(Image comes from artist Mattias Fahlberg’s DeviantArt page
and is © Paizo Publishing.)
Slag giants, at least on Golarion, are a magical crossbreed
of fire and stone giants. (Of course, in
your campaign they might be a natural crossbreed or a discrete species all
their own.) They similarly straddle the
two species’ alignment ranges, being lawful neutral, and height (around 14
feet)…but they don’t share in their power, reaching only CR 7. Their crafting talents accord them special
treatment, however, free from the political turmoil that dominates many giant
tribes. Even the few slag giants who are
not smiths might turn up in similarly useful intermediary positions—as negotiators, arms
dealers, circuit judges, and wandering bards.
Adventurers might occasionally find one sympathetic to smaller folk—perhaps
taking refuge in a slag giant’s quarters to avoid fire giant patrols. More often, slag giants simply wish to be
left alone to do their work…and adventurers, while not hated, are too much of a
threat to the status quo to be allowed to live.
Charismatic slag
giants are more than smiths—they are arms dealers. Adventurers accompany the renegade frost
giant Kellermann to meet one of these slag giant entrepreneurs and secure a
shipment of masterwork arms for their lord.
When winter wolves attack, sent by the tribe Kellermann abandoned, the
slag giant assumes the adventures set up the ambush and reacts with violence.
Slag giants have a
rule: “A man must wield his weapon.”
This means, for instance, that they regard the creation of dancing swords as taboo. Gunfire, too, is forbidden, as it is the
combustion that drives the attack, not the pull of muscles. When a smithy begins producing firearms in
Eaglemont, a nearby tribe of slag giants feels compelled to tear it down brick by
brick and sunder every tool.
In Greece, slag
giants are actually a creation of Hephaestus, his answer to the crafting of the
giant races by the titans. Many of them
are born lame like their patron, or wear one extra-heavy boot to honor his slow
tread. Adventurers on their way to the
Holy Land as part of the Crusades might pay a call to these slag giants to
commission badly needed weapons and armor for the war effort. Adventurers fighting on the side of Saladin
might try to persuade the giants to join them instead, or work to stir up the
titan-born giants and Echidna’s aberrant brood against the slag giants and
their Crusader patrons.
—Pathfinder Bestiary 4
129
That last seed is also a tiny nod to the hephaeston from
D&D’s Creature Catalogue, which I
wrote a little love letter to last winter.
Here’s last night’s radio show!

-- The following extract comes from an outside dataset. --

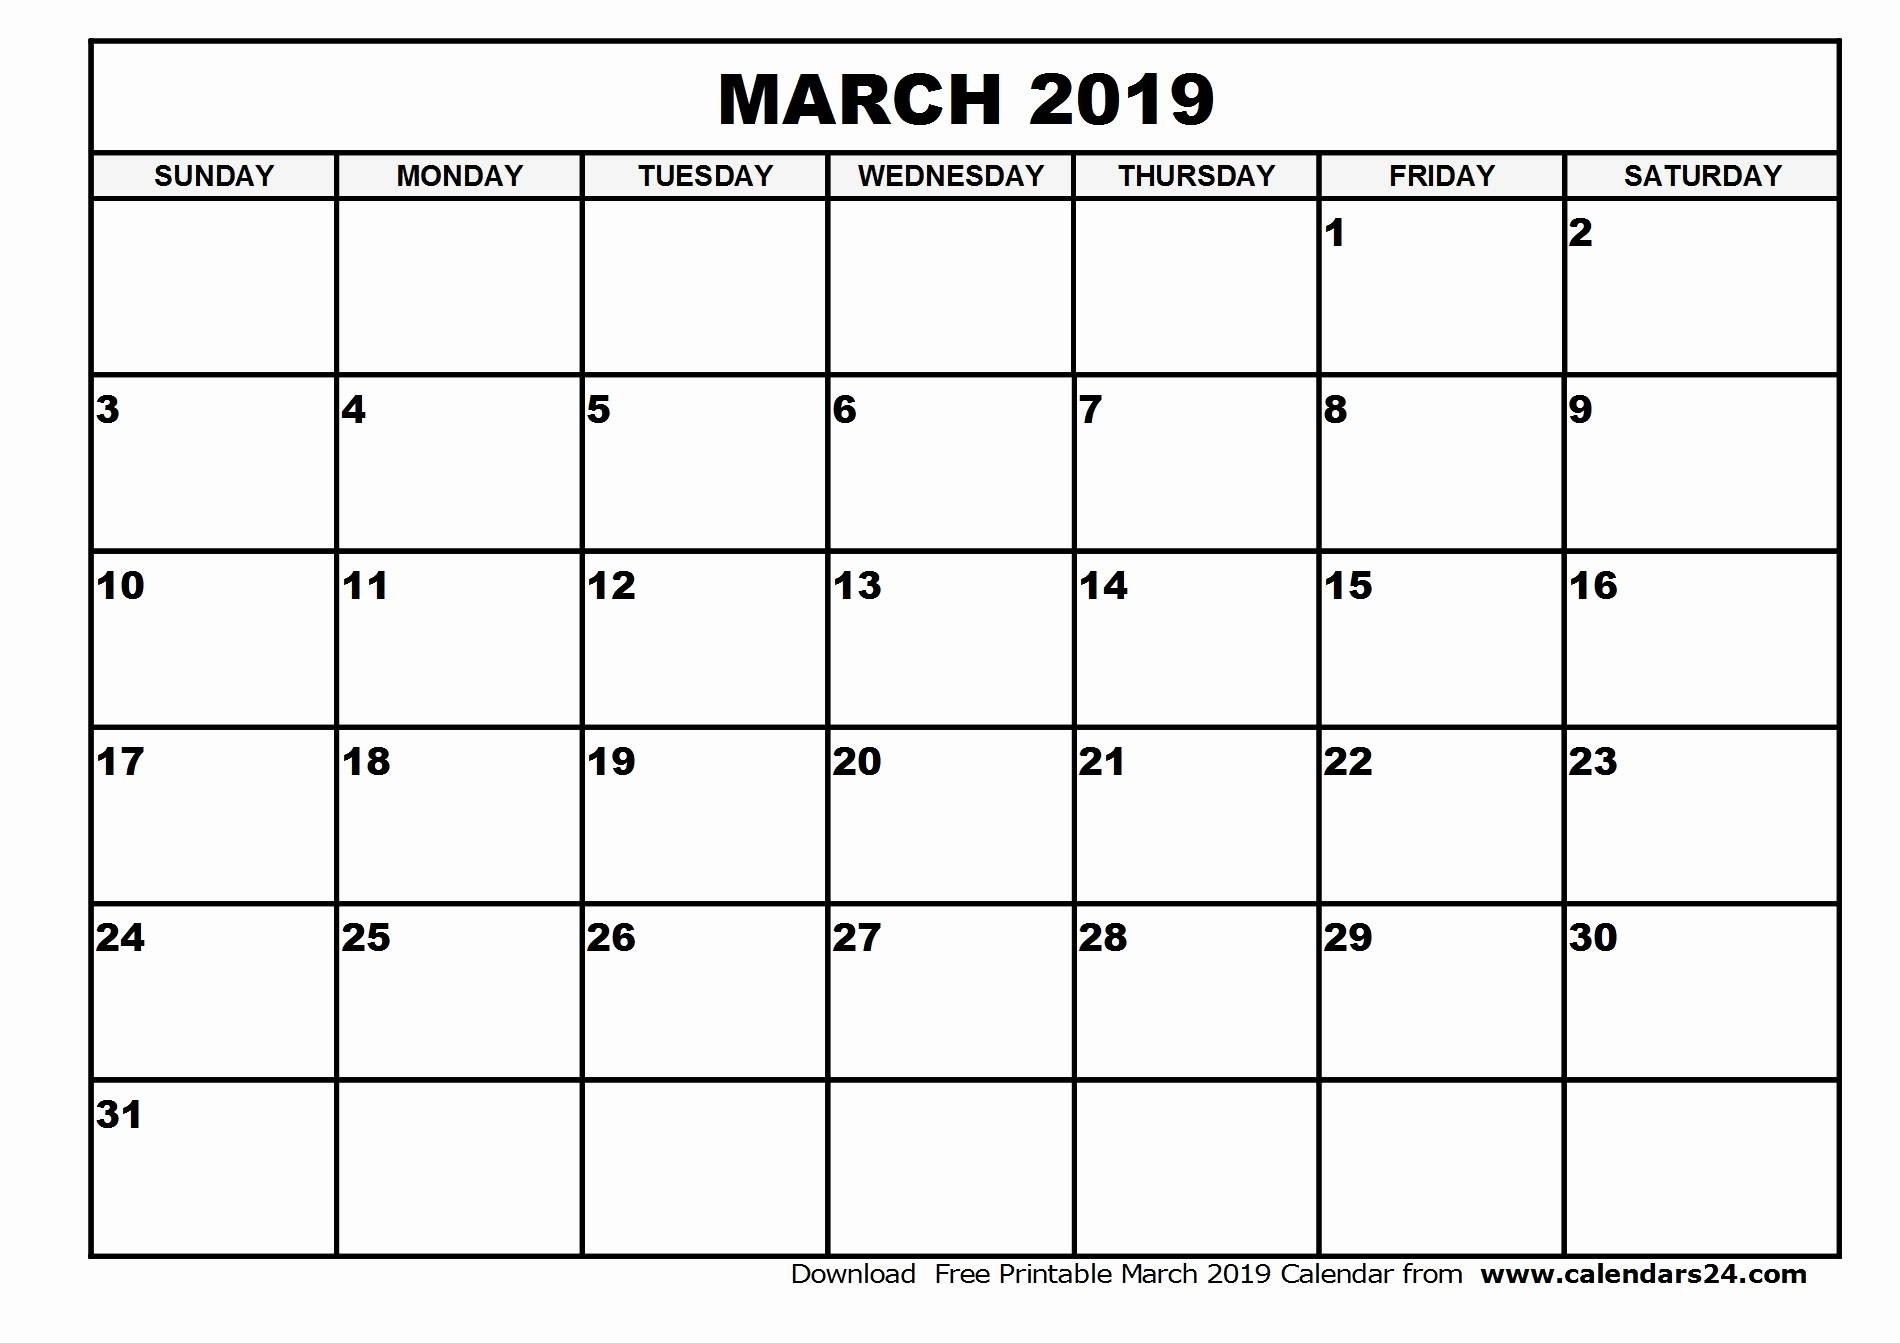 Blank March 2019 Calendar Templates Printable Download - July 2019 inside Free Editable And Printable Monthly Calendar

I had a lot of fun with this one—even the
SNAFUs had me smiling. New Chvrches,
that Cure/Commodores mashup, *tons* of new girlpunk and more. Stream and download it!
(If the feed skips, Save As an mp3 and listen from your
desktop. Link good through Monday, 8/10,
at midnight.)
That last seed is particularly interesting. I feel like the texture of a war between two monotheistic cultures would be very different when the creations of a polytheistic pantheon are acting as third-party suppliers. I don't imagine the political realities of the Crusades changing much, but the religious side has got to look pretty wonky. I have to imagine either side characterizing these slag giants in terms that make sense for their own religions, even if omniscient narration means we the audience know Hephastus is real in this world.